Capítulo 4 – Lutero e a justificação

“Aprecio o valor de Lutero para desafiar os poderes da Igreja Católica Romana e agradeço seu uso do princípio de sola Scriptura. Porém, seu pensamento nem sempre é bíblico ou coerente com o testemunho total do Antigo Testamento e do Novo Testamento”. (p. 37)
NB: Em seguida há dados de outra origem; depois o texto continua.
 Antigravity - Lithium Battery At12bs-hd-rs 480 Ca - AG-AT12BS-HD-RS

“Por mais de um século os adventistas creram que a experiência da salvação inclui a santificação. Para eles a santificação não é o ‘fruto’ da justificação/salvação ‘já possuída’, mas sim a necessária experiência da salvação. Neste contexto, se requer um estilo de vida cristão em conformidade com todos os mandamentos de Deus e o exemplo de Jesus de obediência a eles. Nesse caso o estilo de vida adventista e a experiência libertadora da salvação de Deus se fazem necessários”. (p. 37)

Atemporalidade

“De acordo com Lutero, a justificação é uma ação divina que flui da vontade e do poder de Deus. A vontade e o poder de Deus assumem sua existência e natureza. Lutero não estava interessado nos temas fundamentais do discurso teológico. Limitou-se a tomá-los emprestado da tradição católica romana que, por sua vez, os adaptou da filosofia neoplatônica e aristotélica. De acordo com a teologia católica romana, o ser de Deus é atemporal e não espacial (eterno e espiritual)”. (p. 38)
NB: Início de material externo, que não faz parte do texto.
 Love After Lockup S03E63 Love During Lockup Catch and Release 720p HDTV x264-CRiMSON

“O que significa isto? Lutero entendeu a realidade de Deus de acordo com a filosofia grega. Deus não vive ou atua na sequência de passado, presente e futuro, mas sim em um ‘momento’ atemporal ‘instantâneo’”.(p.39)

“Esta perspectiva de Deus foi construída sobre o dualismo cosmológico de Platão. Para Lutero, como para muitos cristãos, existe uma diferença ontológica entre o mundo de Deus, isto é o céu, o Espírito, a graça e a salvação, e o mundo da vida cotidiana sobre nosso planeta. O tempo e a história, nossas vidas, nossos atos, não são parte do mundo do Espírito, mas sim do corpo humano. Consequentemente a justificação, como ato divino, acontece no mundo espiritual, o mundo da alma eterna. É nessa esfera onde a salvação realmente ocorre”. (p. 40)

Escatologia

“Ao comentar sobre II Pedro 3:3, Lutero extraiu uma conclusão lógica a partir de sua suposição sobre a atemporalidade divina para a escatologia cristã. Uma vez que no céu conheceremos a Deus em Sua atemporalidade, Lutero concluiu que ‘esta vida e a vida por vir são duas classes [diferentes]. Esta vida não pode ser a mesma que a vida vindoura’. […] Não pense que é possível medi-la como se mede esta vida Ali [na vida por vir], tudo será um dia, uma hora, um momento”. (p. 41)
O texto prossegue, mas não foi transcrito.